Now here’s where CUDA comes in. The same computation, but we send the data to the GPU and run thousands of operations simultaneously.

3a. Allocate GPU Memory

float *gpuData;
cudaMalloc((void **)&gpuData, sizeof(float) * size);

This is just like malloc() on the CPU, except the memory lives on the GPU’s VRAM — physically separate from system RAM. The CPU can’t directly read or write it.

GPU VRAM
        ┌─────┬─────┬─────┬─────┬─────┐
gpuData▶│  ?  │  ?  │  ?  │  ?  │  ?  │  ← uninitialized
        └─────┴─────┴─────┴─────┴─────┘

3b. Copy Data: CPU → GPU

cudaMemcpy(gpuData, data, sizeof(float)*size, cudaMemcpyHostToDevice);
  CPU RAM                              GPU VRAM

  ┌─────┬─────┬─────┬─────┐           ┌─────┬─────┬─────┬─────┐
  │ 0.5 │ 1.0 │ 1.5 │ 2.0 │  ──────▶  │ 0.5 │ 1.0 │ 1.5 │ 2.0 │
  └─────┴─────┴─────┴─────┘           └─────┴─────┴─────┴─────┘

                          PCIe Bus transfer

This crosses the PCIe bus — the highway between your CPU and GPU. It’s not free, but for large workloads the GPU speedup more than makes up for it.

3c. Launch the Kernel

static const int BLOCK_SIZE = 256;
const int blockCount = (65530 + 256 - 1) / 256;  // = 256 blocks

reciprocalKernel<<<blockCount, BLOCK_SIZE>>>(gpuData, size);

That <<<blockCount, BLOCK_SIZE>>> syntax is unique to CUDA. It’s how you tell the GPU:

  • How many blocks to use
  • How many threads per block

Thread Hierarchy

CUDA has a neat layered structure:

GRID  (the entire launch)
│
├── Block 0  ──── 256 threads (Thread 0 … Thread 255)
├── Block 1  ──── 256 threads (Thread 0 … Thread 255)
├── Block 2  ──── 256 threads (Thread 0 … Thread 255)
│    …
└── Block 255 ─── 256 threads

Total threads launched: 256 × 256 = 65,536 Actual work: 65,530 elements → 6 threads just idle (handled by the bounds check).

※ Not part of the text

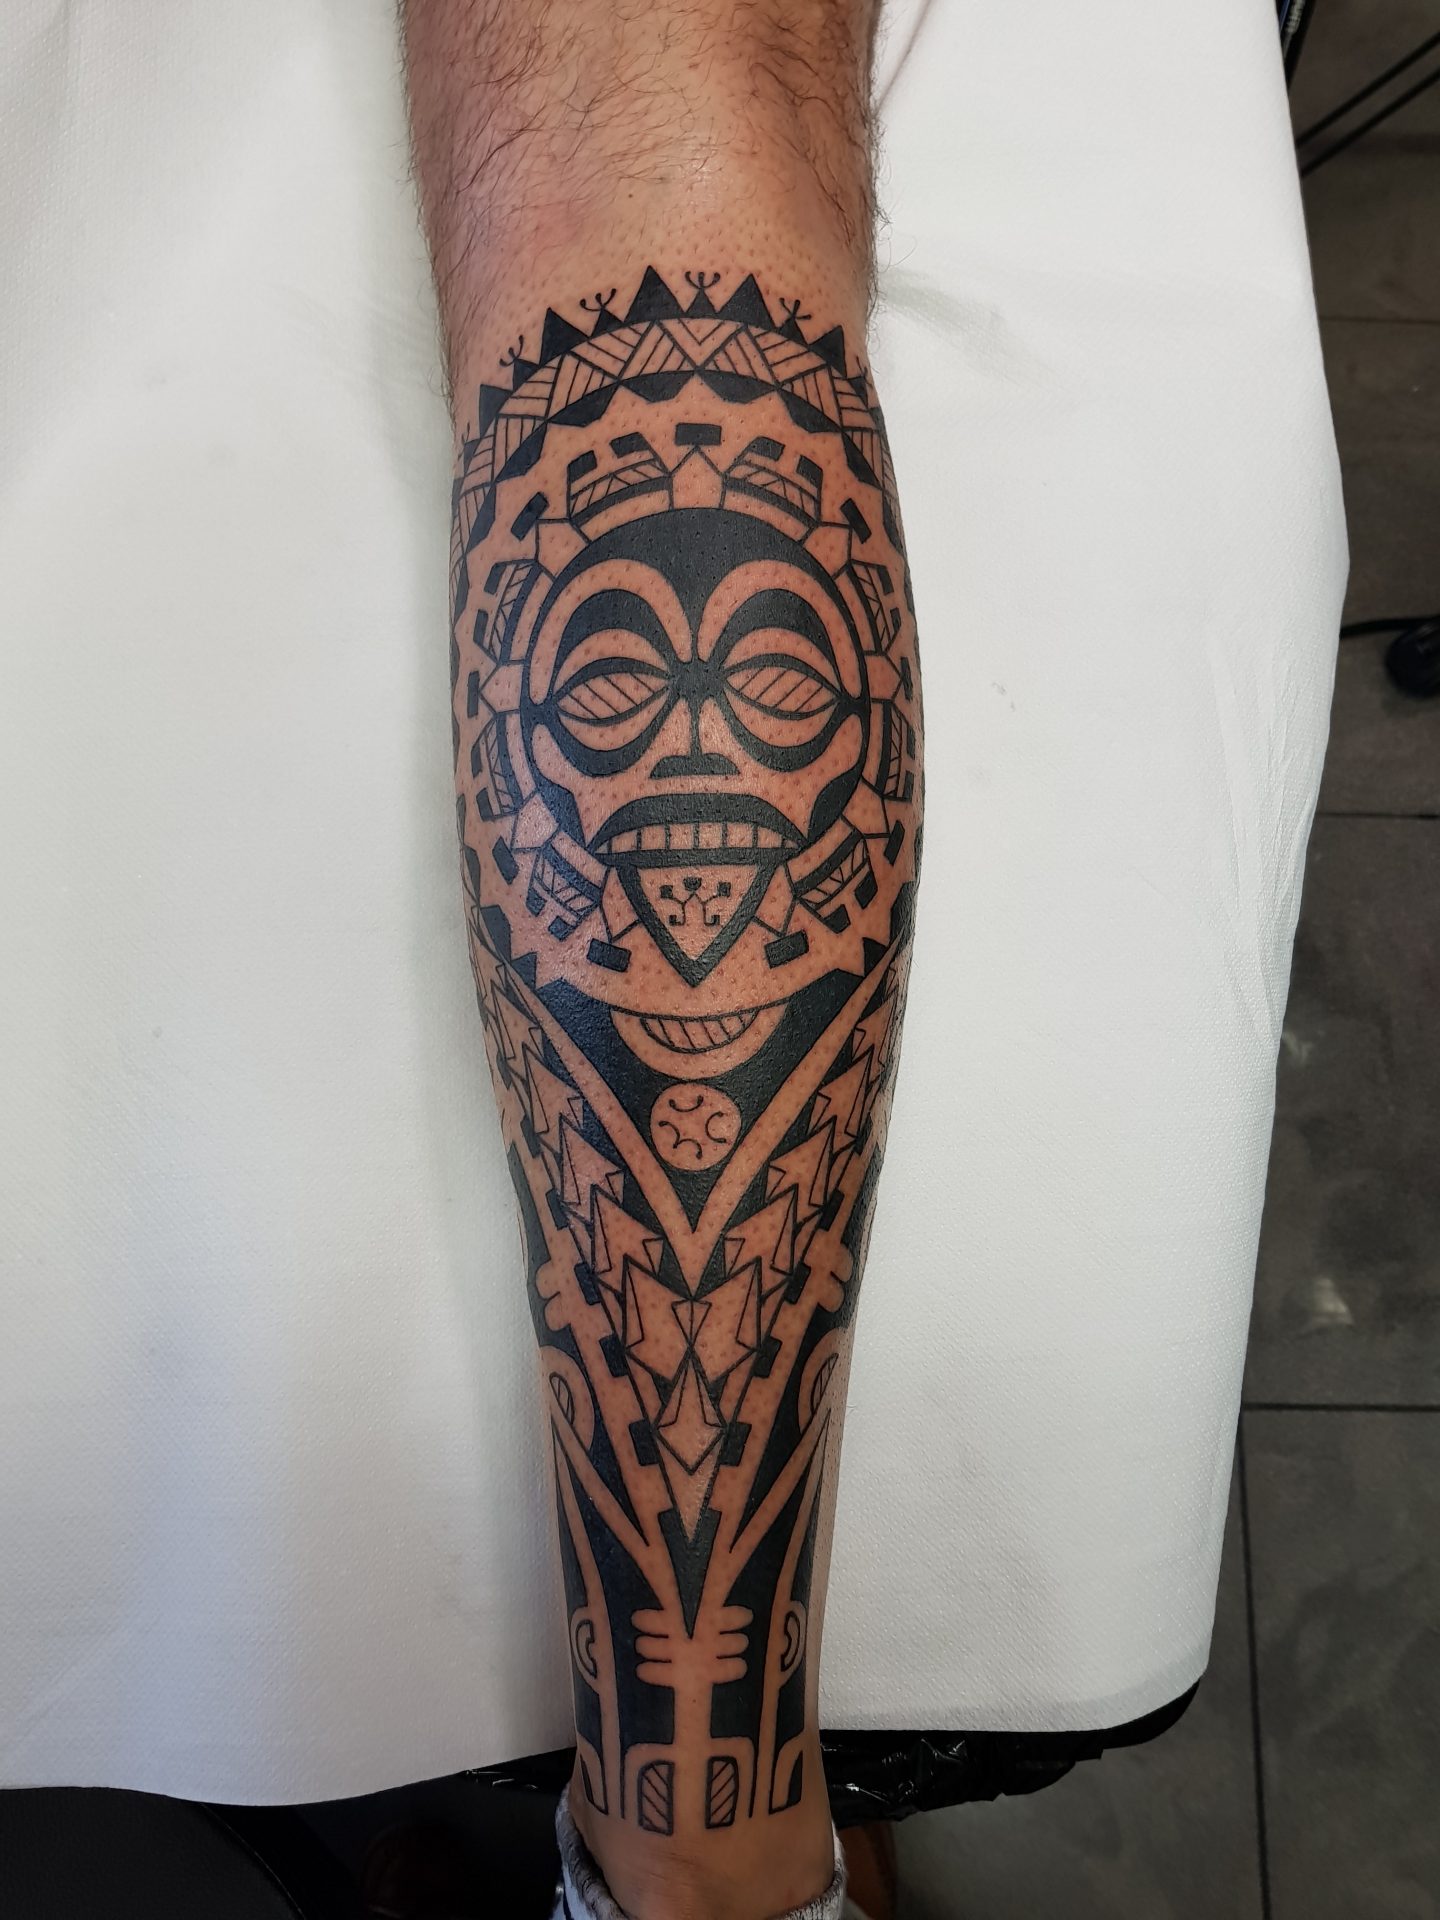 Meaning of the Tiki Tattoo | BlendUp

How Each Thread Knows Its Index

unsigned idx = blockIdx.x * blockDim.x + threadIdx.x;
VariableMeaning
blockIdx.xWhich block is this? (0, 1, 2…)
blockDim.xThreads per block (256)
threadIdx.xThread ID within the block

So the mapping looks like:

Block 0 → Thread 0:  idx = 0 * 256 + 0  =   0
Block 0 → Thread 1:  idx = 0 * 256 + 1  =   1
   …
Block 0 → Thread 255: idx = 0 * 256 + 255 = 255
Block 1 → Thread 0:  idx = 1 * 256 + 0  = 256
Block 1 → Thread 1:  idx = 1 * 256 + 1  = 257
   …

Every thread gets a unique global index — and that index maps directly to one element of the array.

3d. The Kernel Itself

__global__ void reciprocalKernel(float *data, unsigned vectorSize) {
    unsigned idx = blockIdx.x * blockDim.x + threadIdx.x;
    if (idx < vectorSize)
        data[idx] = 1.0 / data[idx];
}

The __global__ keyword means: “callable from CPU, runs on GPU.”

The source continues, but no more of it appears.